How Much Did Dividend Reinvestment Matter?

Over the past 10 years, Eli Lilly paid $36.17 per share in dividends, and the return calculation assumes those dividends were reinvested on the closing price at the ex-dividend date. That raised the share count from 132.29 shares to 156.22 shares.

For a stock with a relatively low current yield, reinvestment did not drive the majority of the outcome, but it still improved total return. This is an important distinction:

  • Price appreciation was the main engine of wealth creation.
  • Dividend reinvestment added incremental shares over time.
  • Total return captures both effects and is therefore the more complete measure of performance.

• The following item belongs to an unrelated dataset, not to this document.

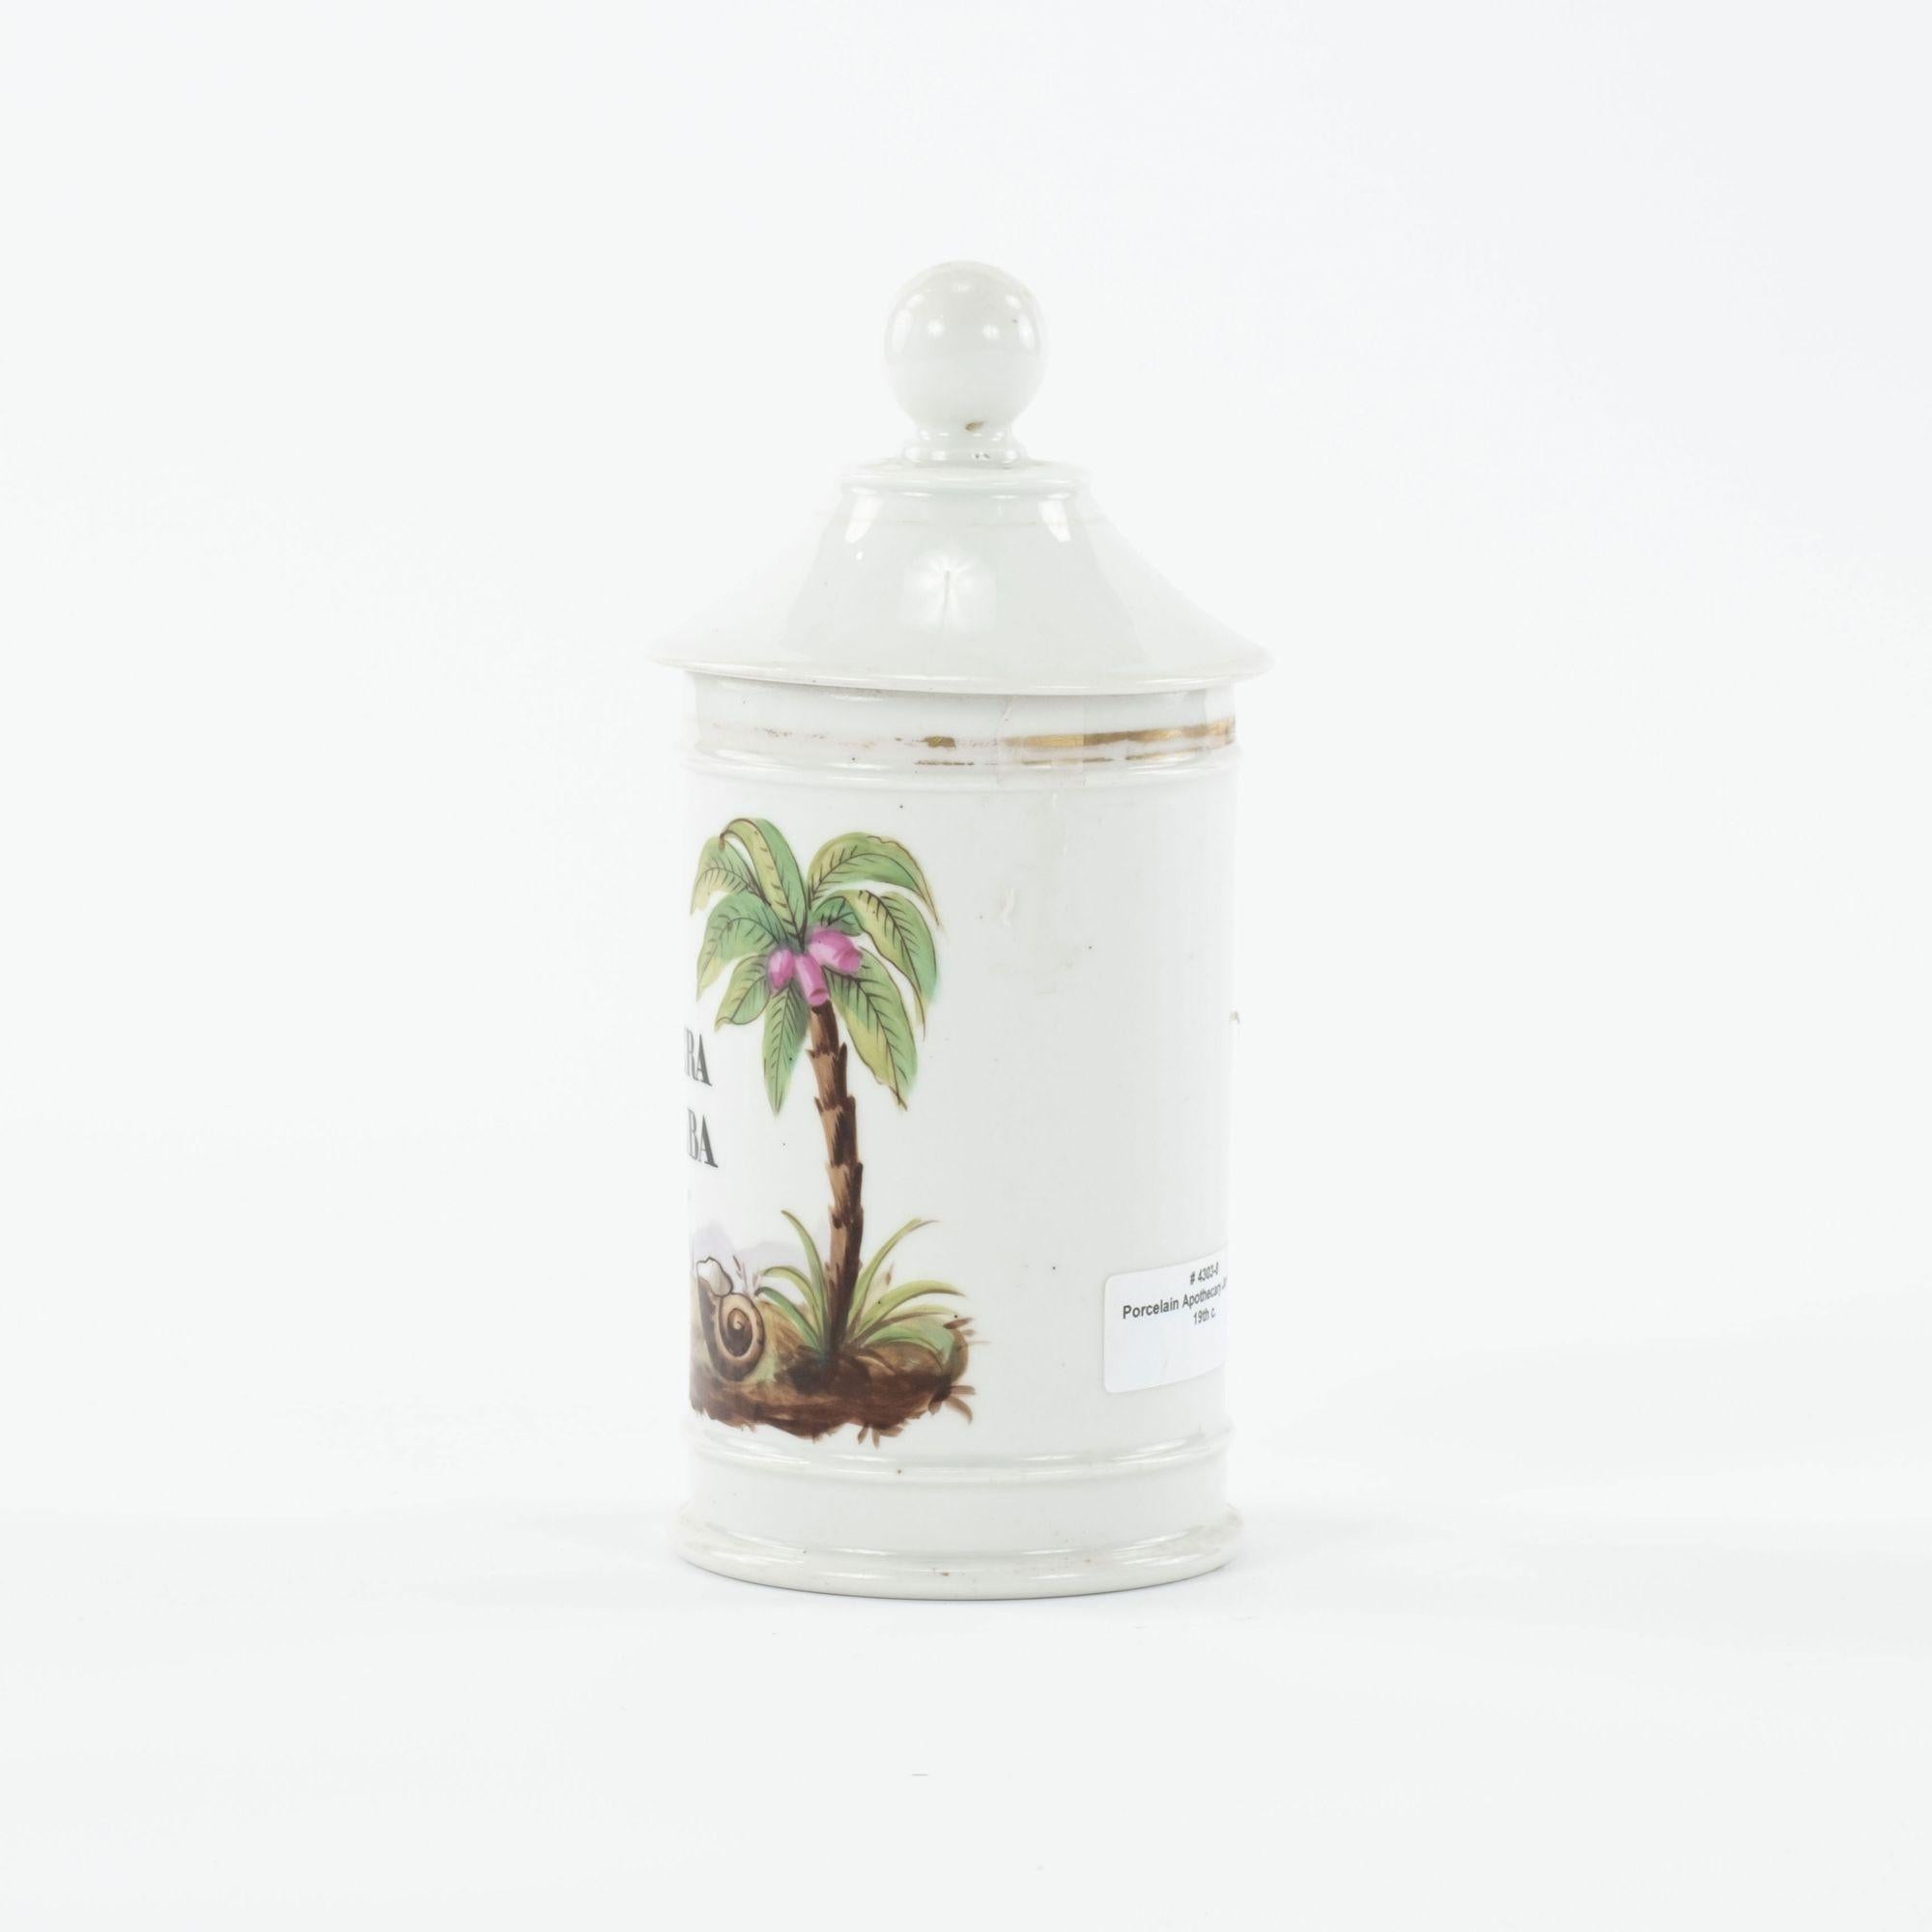 Lidded porcelain apothecary jar, with hand-painted Latin label

Using the most recent annualized dividend rate of $6.92 per share, LLY has a current yield of approximately 0.70%. Measured against the original purchase price of $75.59 per share, that implies a yield on cost of about 9.15%.

Key Takeaways From a 10-Year Eli Lilly Investment

Several conclusions stand out from this Eli Lilly investment analysis:

  • A long holding period can be highly rewarding when a company materially improves its growth profile.
  • Total return, not headline dividend yield, is often the better framework for evaluating a high-quality compounder.
  • Even modest dividends can enhance results when reinvested consistently over time.
  • The biggest gains often come from owning a business through a period of rising earnings power and changing market expectations.

That last point is especially relevant here. In 2016, Eli Lilly was already a major pharmaceutical company, but the market had not yet fully reflected the magnitude of the growth opportunity that later emerged. The subsequent revaluation shows how dramatically long-term returns can change when a company moves from steady performer to strategic leader in an expanding therapeutic category.